**WHAT TO WORK ON:** Only the lines below between the one holding "1957 Chevrolet Bel Air - Fire & Desire" and the one holding "Веселитесь на парусной яхте", inclusive, are to be reproduced word for word; the pictures are to be left out.
[[ RECORDS PROVIDED, beginning ]]
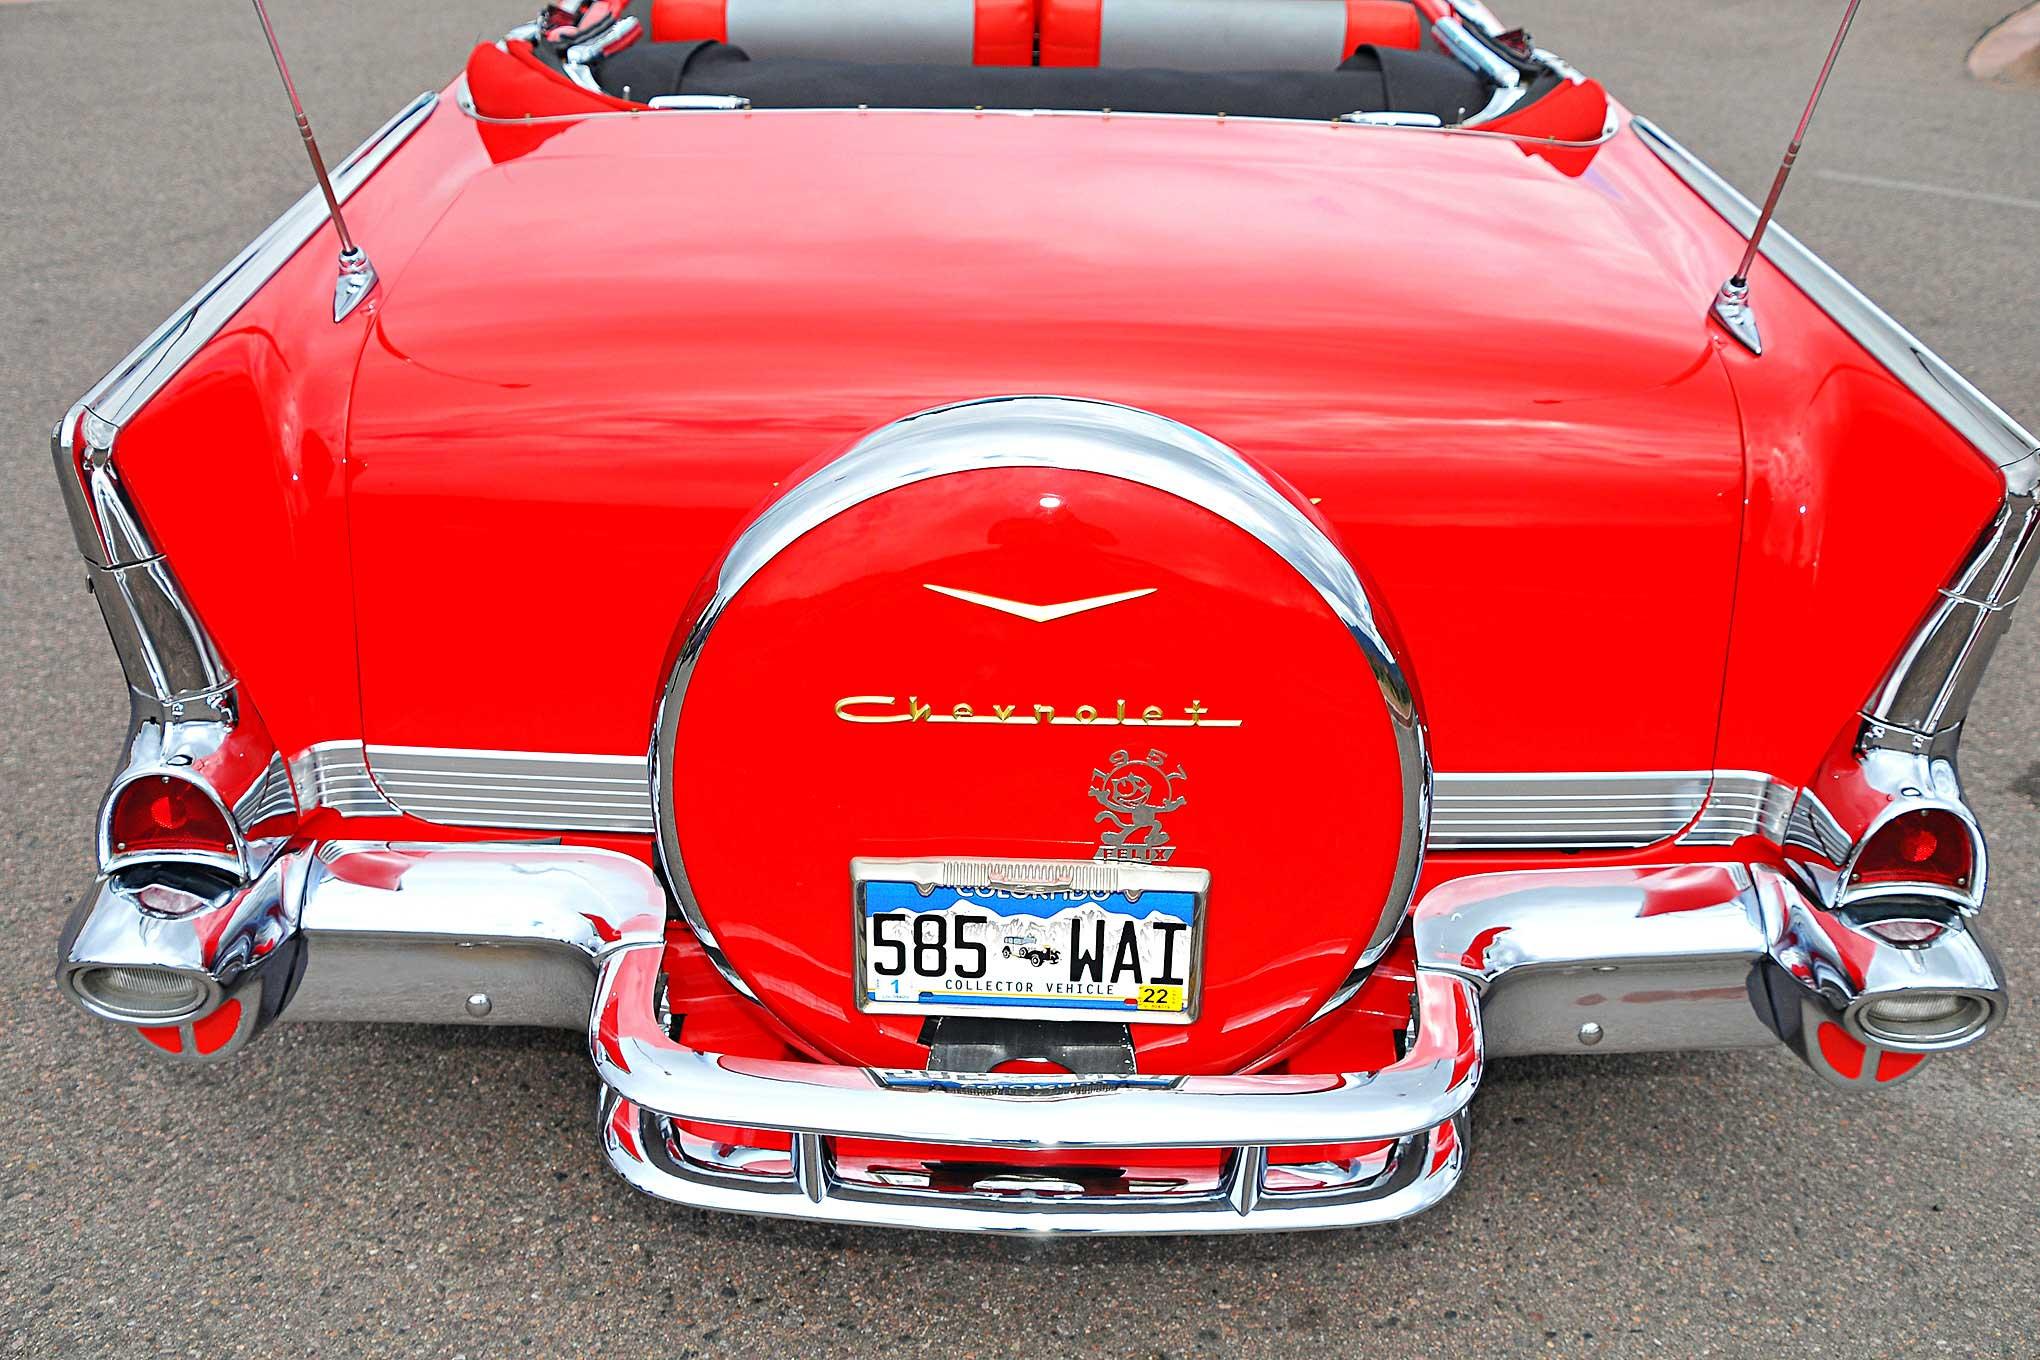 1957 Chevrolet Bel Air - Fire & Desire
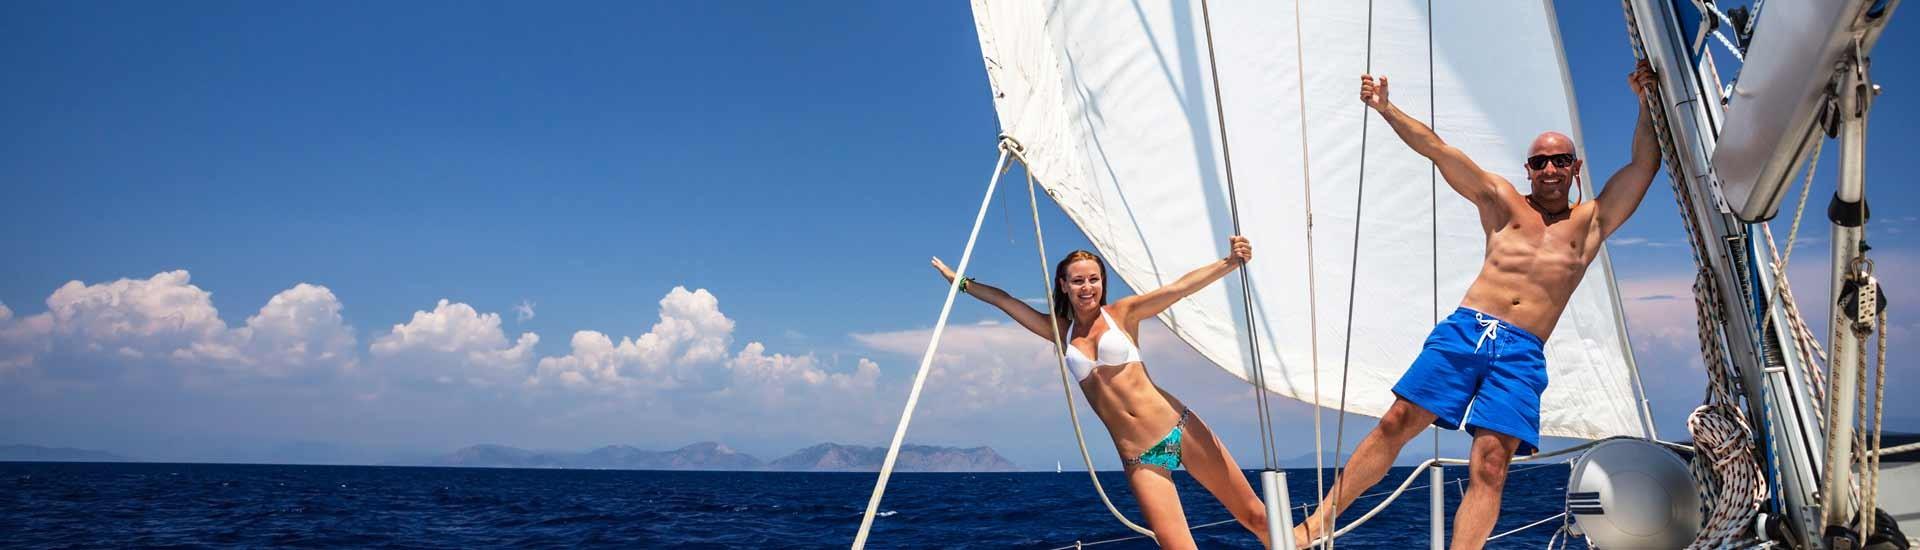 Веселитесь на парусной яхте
[[ RECORDS PROVIDED, end ]]
[[ RECORDS PROVIDED, beginning ]]
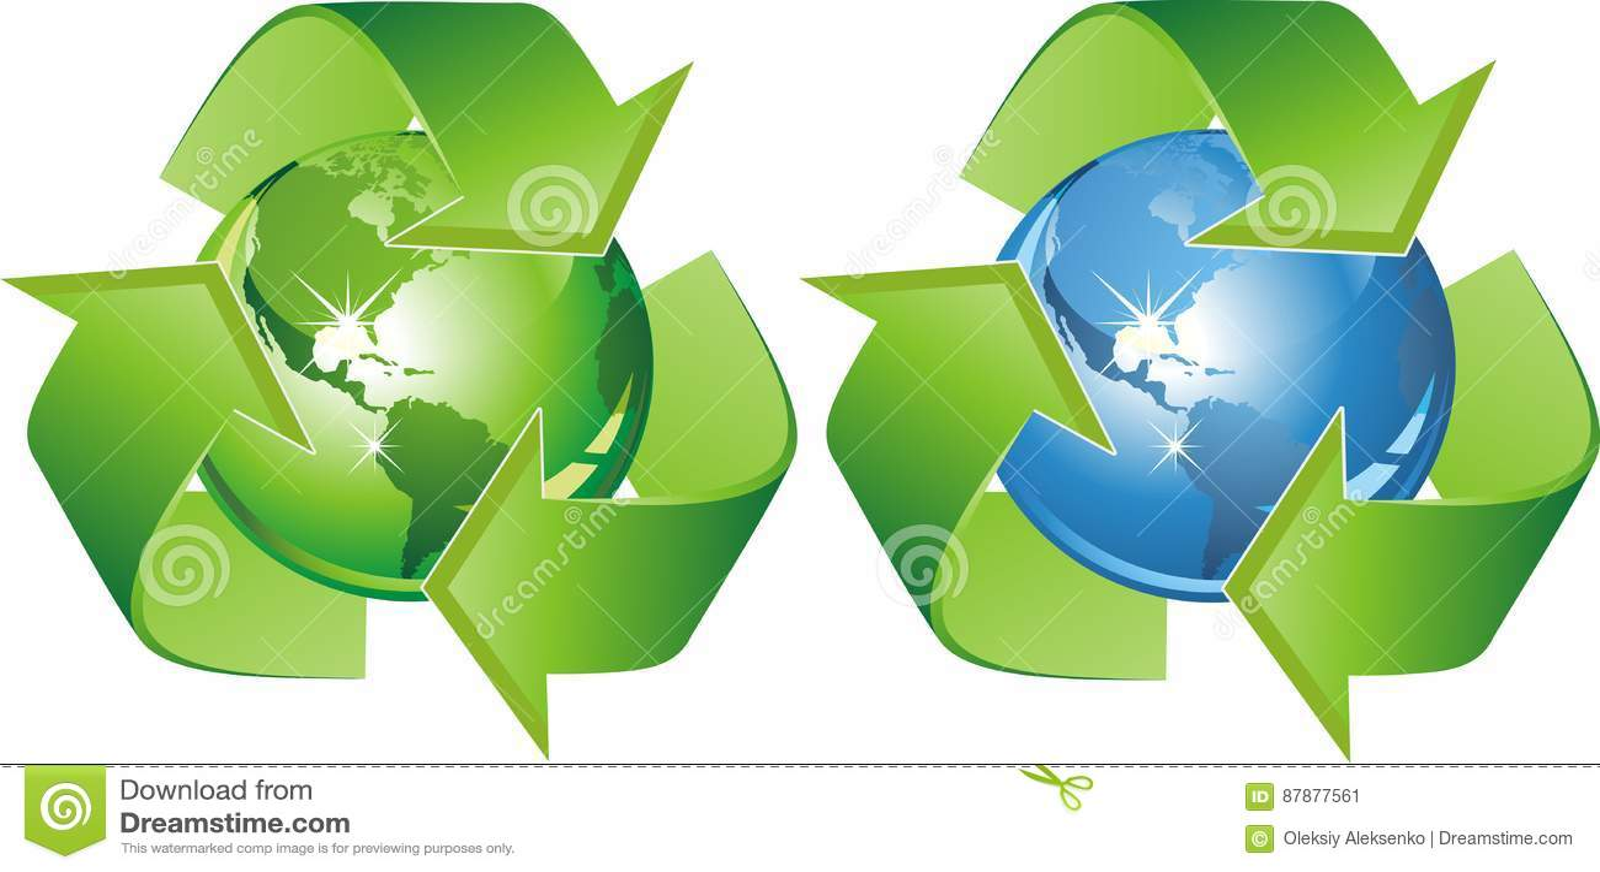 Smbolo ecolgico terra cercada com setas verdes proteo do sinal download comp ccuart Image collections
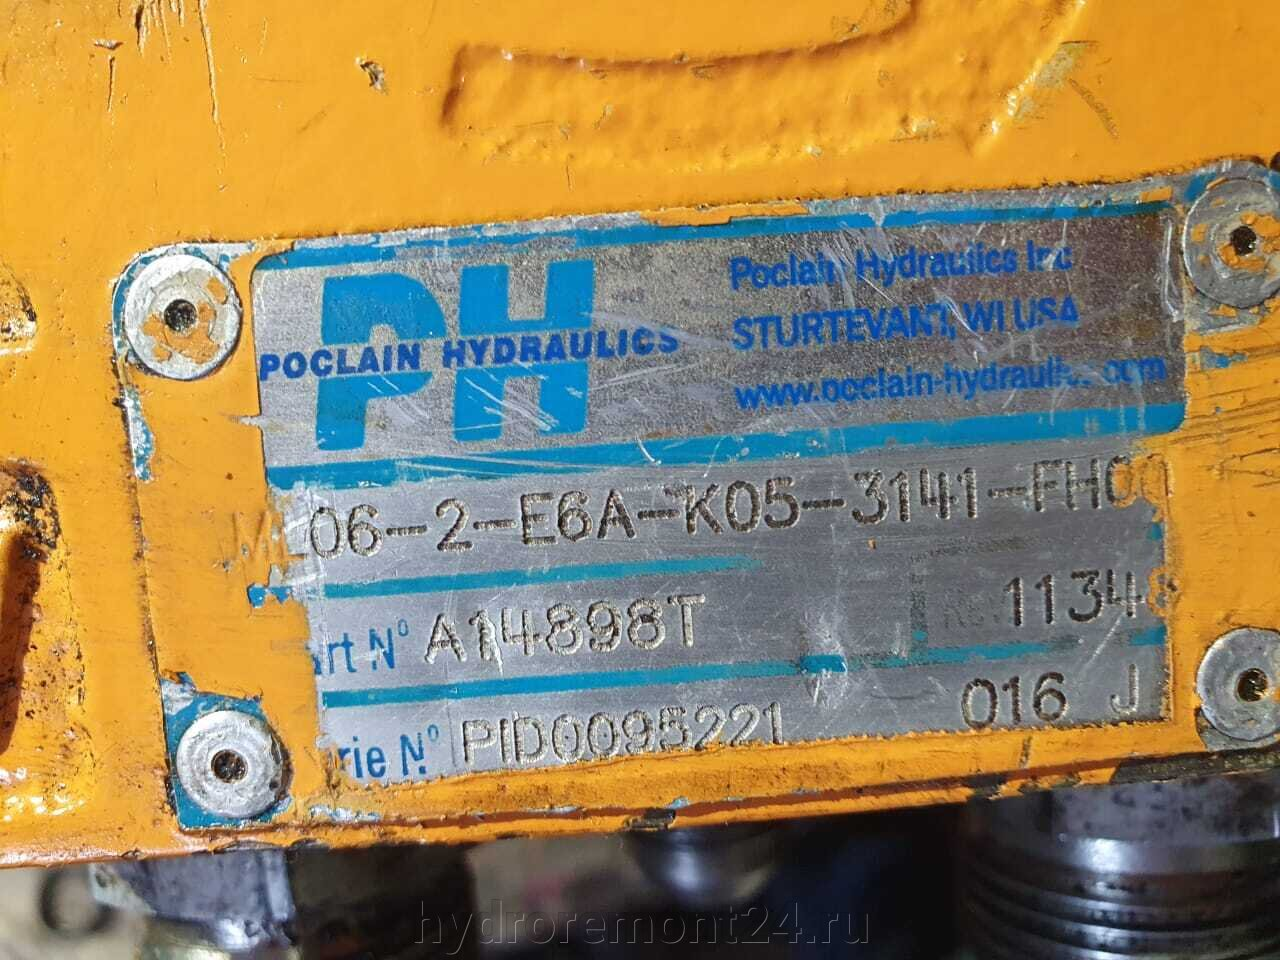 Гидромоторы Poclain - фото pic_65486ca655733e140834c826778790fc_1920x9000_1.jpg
[[ RECORDS PROVIDED, end ]]
**ANSWER SPACE:**
 1957 Chevrolet Bel Air - Fire & Desire
 Веселитесь на парусной яхте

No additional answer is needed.